The 'view' column has 63 nulls. There are five values in this column: "NONE", "AVERAGE", "GOOD", "FAIR", and "EXCELLENT". Our understanding of the data led us to believe that the 'view' and 'waterfront' columns were related. It seemed unlikely that a waterfront view would coincide with "NONE" view.
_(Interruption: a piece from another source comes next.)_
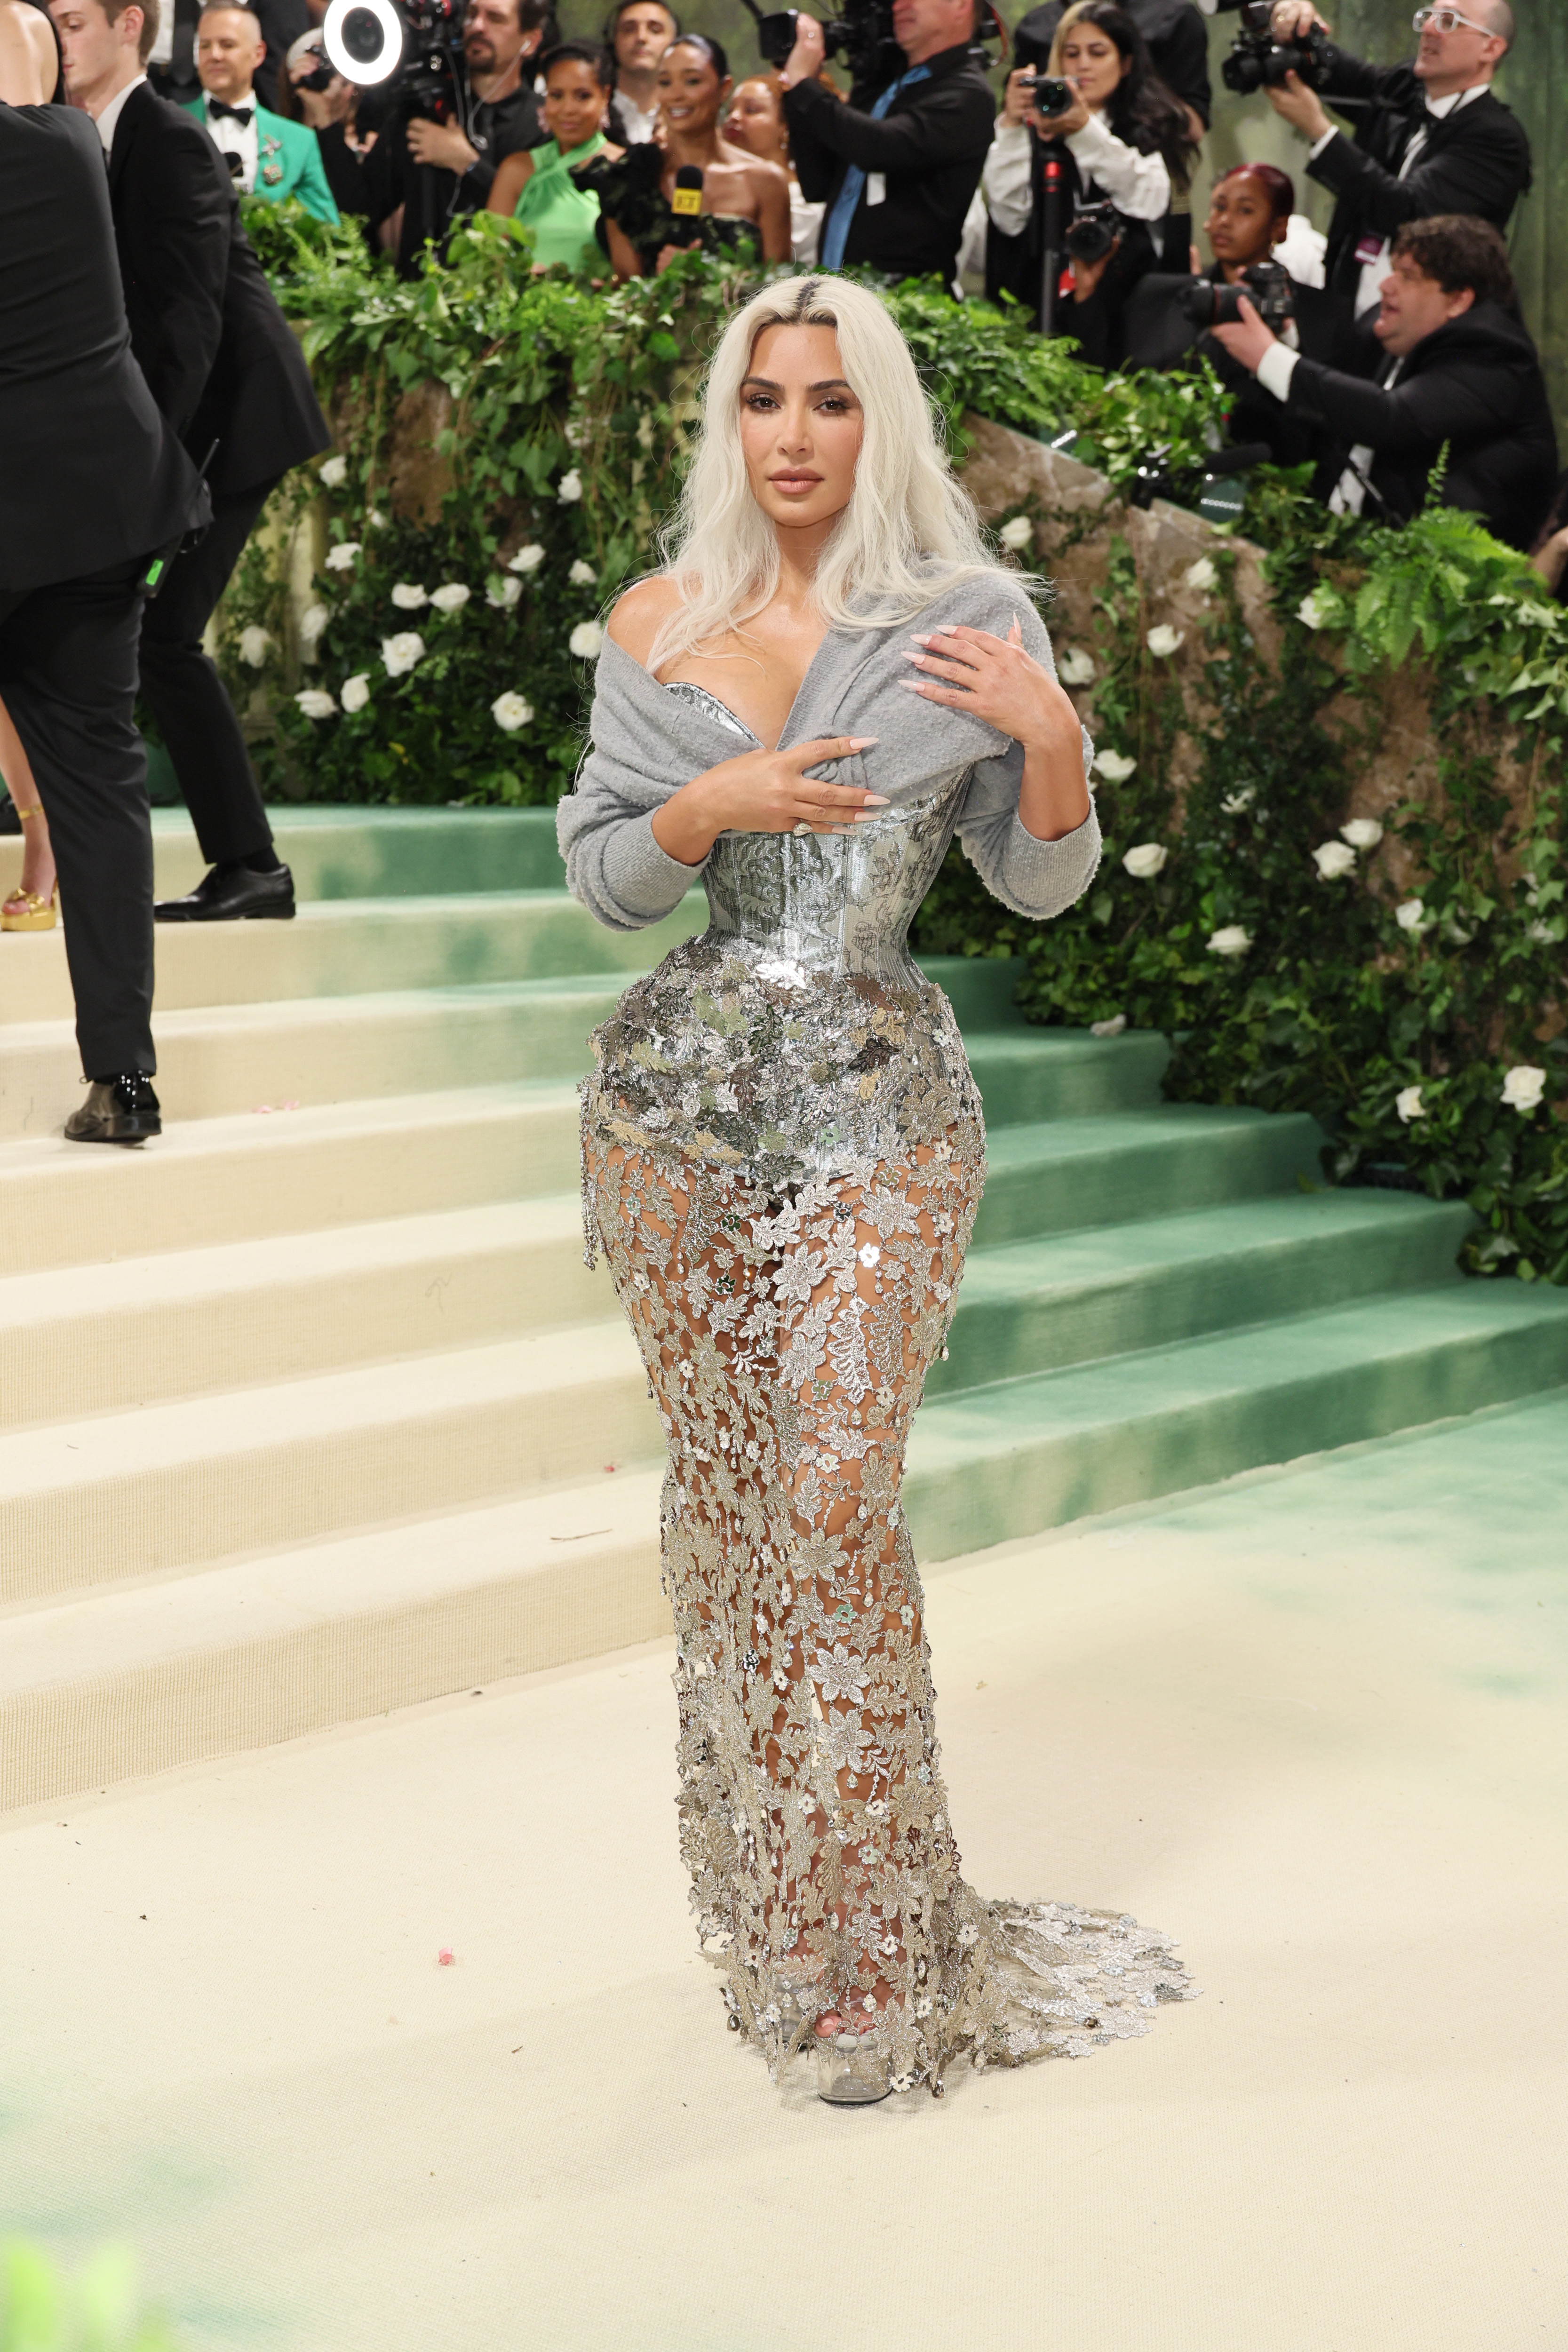 However, a few fans noticed some marks on her stomach and wondered if they were from the super tight corset Kim wore on Monday night at the Met Gala
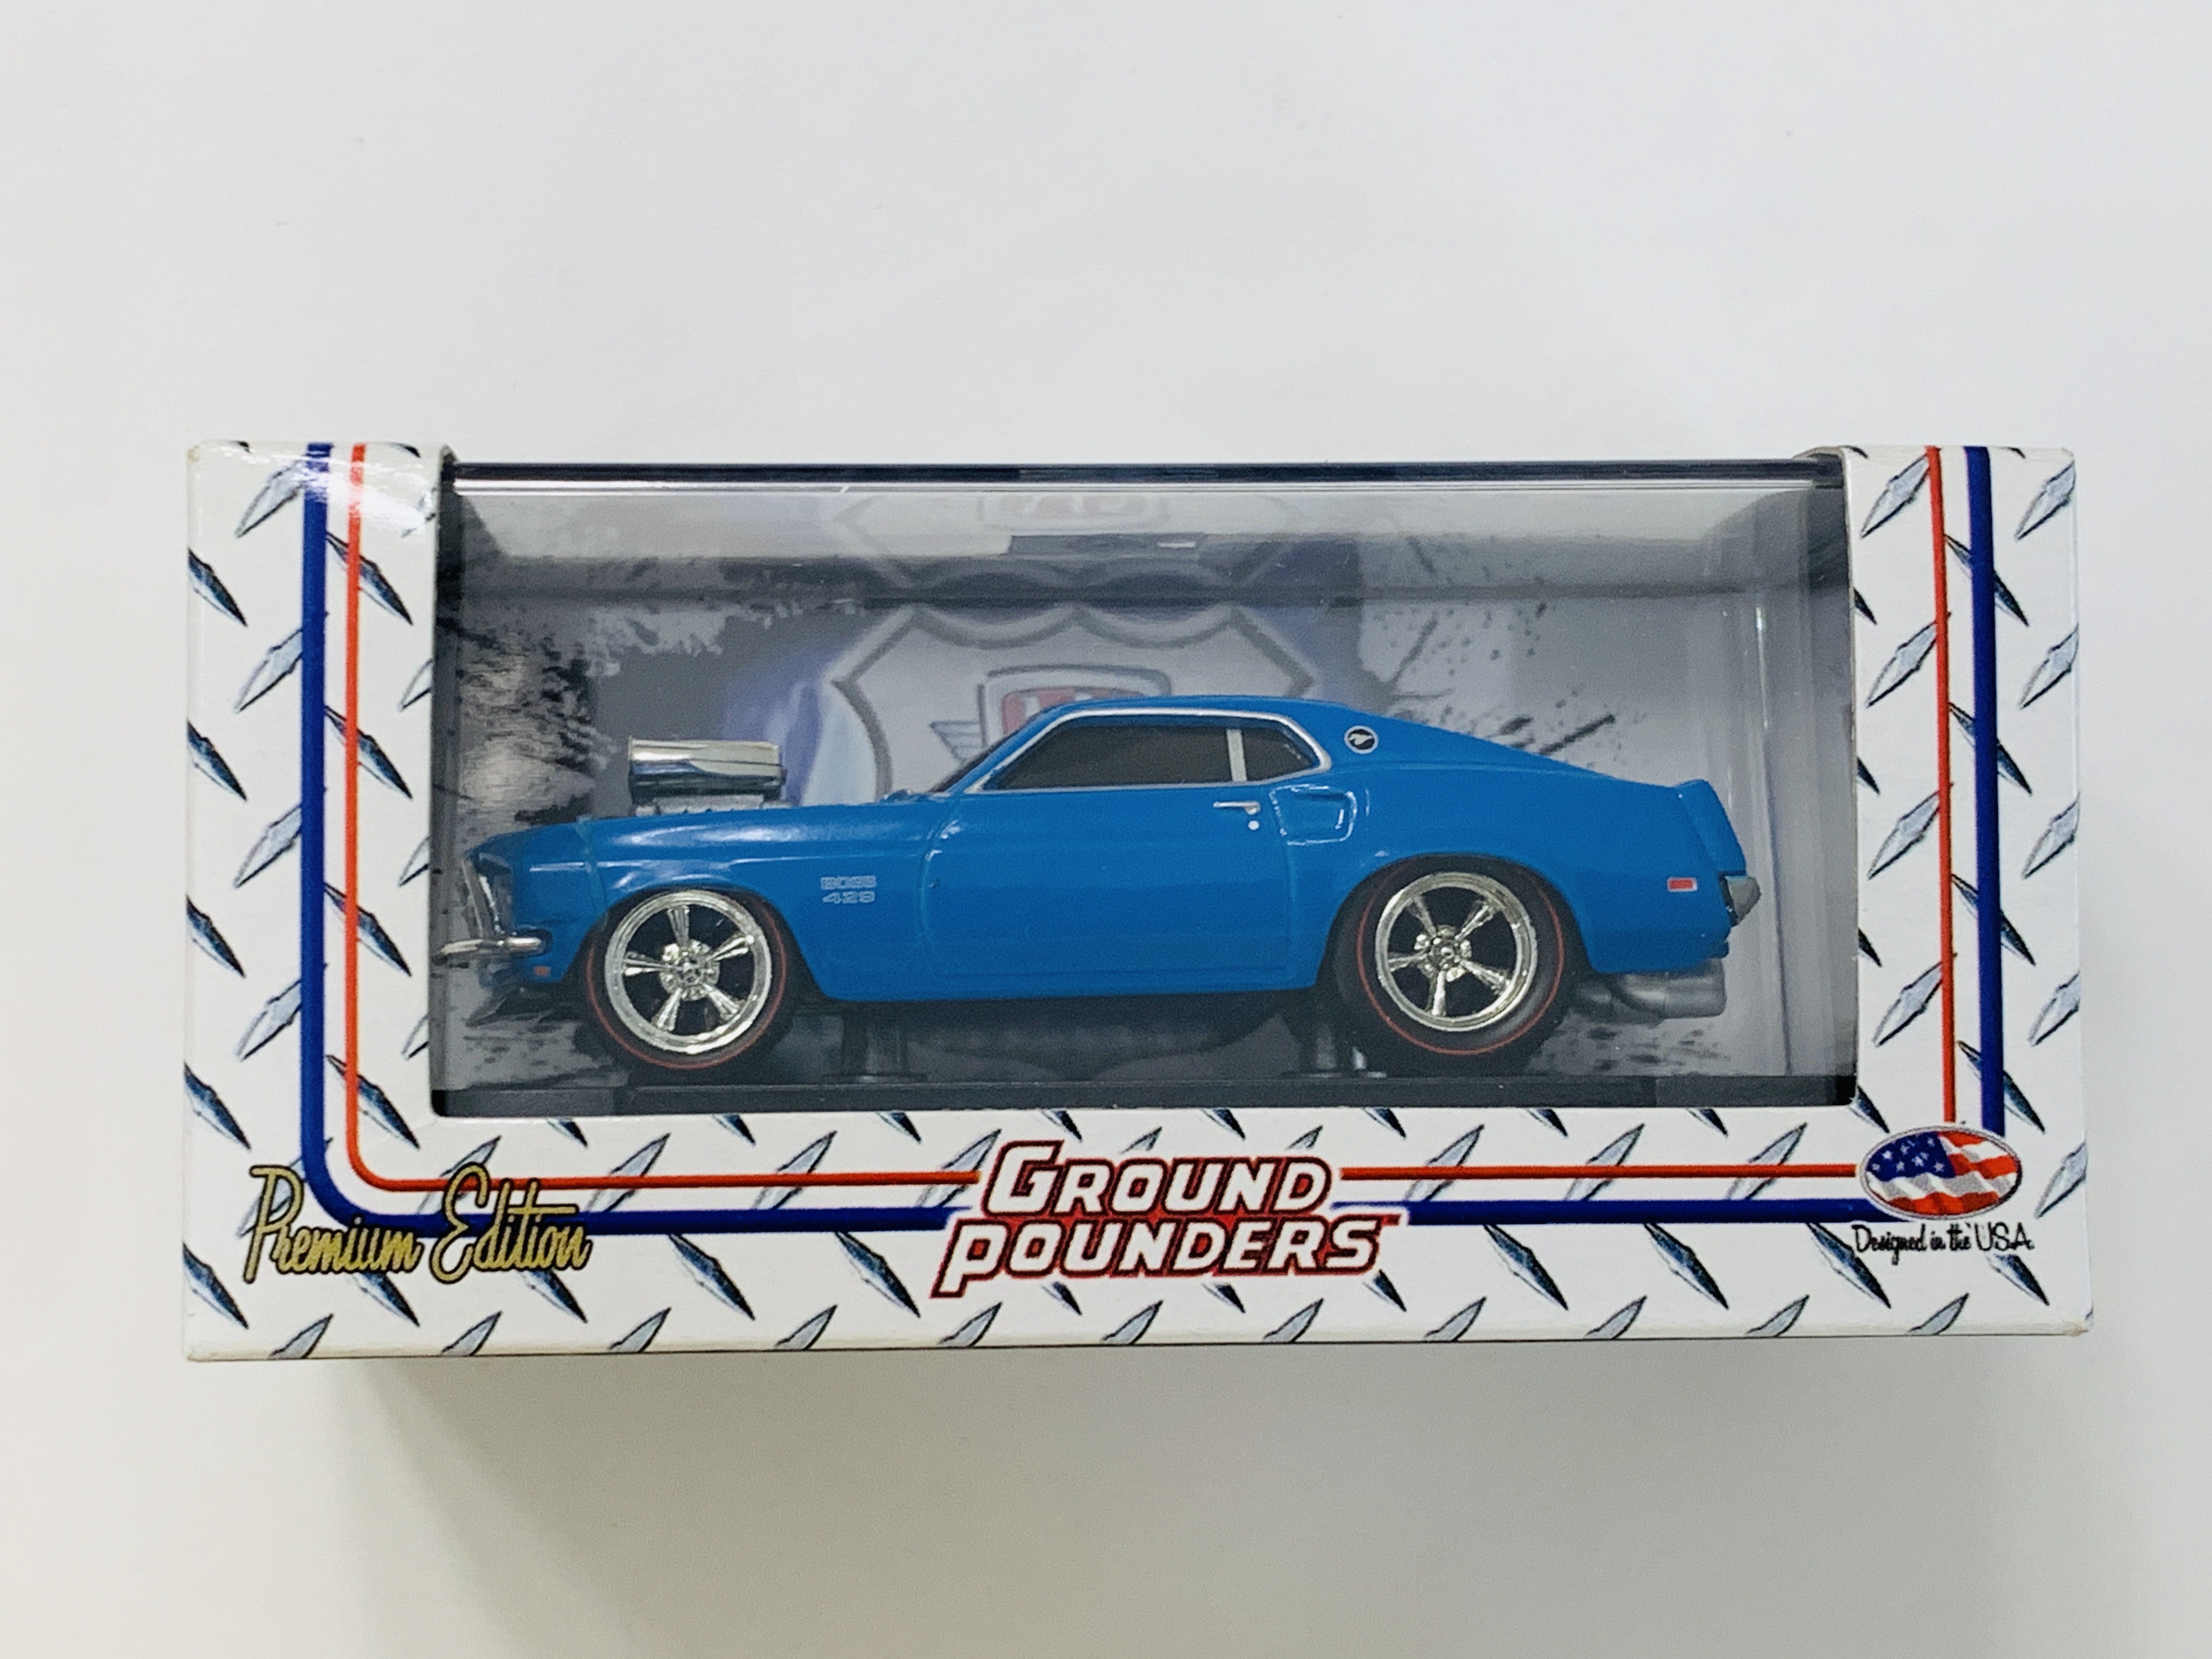 M2 Machines Ground-Pounders 1969 Ford Mustang Boss 429 10-02

We examined a subset of the data where the 'waterfront' value was "YES" to evaluate if our assumption about 'view' was accurate.

In [10]:
print(housing['view'].isna().sum())
housing['view'].value_counts()

63


NONE         19422
AVERAGE        957
GOOD           508
FAIR           330
EXCELLENT      317
Name: view, dtype: int64

In [None]:
#subset of data where 'waterfront' == YES
yes_waterfront = housing[housing['waterfront']=="YES"]
yes_waterfront['view'].value_counts()

For the 146 "YES" values of 'waterfront', the 'view' values did not contain a single "NONE". This aligned with our understanding of the connection between 'waterfront' and 'view'.

In [None]:
#subset of data where 'waterfront' is null
na_waterfront = housing[housing['waterfront'].isna()]
na_waterfront['view'].value_counts()

Any property with a waterfront will have a non-NONE view. Since there are 2110 "NONE" views in our null 'waterfront' subset, it seems safer to assume "NO" as the default for waterfront.

In [None]:
#replace null values with "NO"
housing['waterfront'].fillna("NO", inplace=True)

In [None]:
#confirm that there are no more nulls in waterfront
housing['waterfront'].isna().sum()

The subset of null values in "view" contains 63 rows. Of these 63 rows, the 'waterfront' values consisted of 62 "NO" and 1 "YES". Since almost every null 'view' was not on a waterfront, we decided to replace the null values of "view" with "NONE".

In [None]:
na_view = housing[housing['view'].isna()]
na_view['waterfront'].value_counts()

In [None]:
#replace null values with "NONE"
housing['view'].fillna("NONE", inplace=True)

In [None]:
#confirm that there are no more nulls in view
housing['view'].isna().sum()

The 'yr_renovated' column contains 3,842 nulls. We wanted to replace these values rather than dropping a large number of rows. Since 'yr_renovated' seems to contain a year value stored as an integer, we inferred that the value of 0.0 meant either a house had never been renovated or no renovation data was available. 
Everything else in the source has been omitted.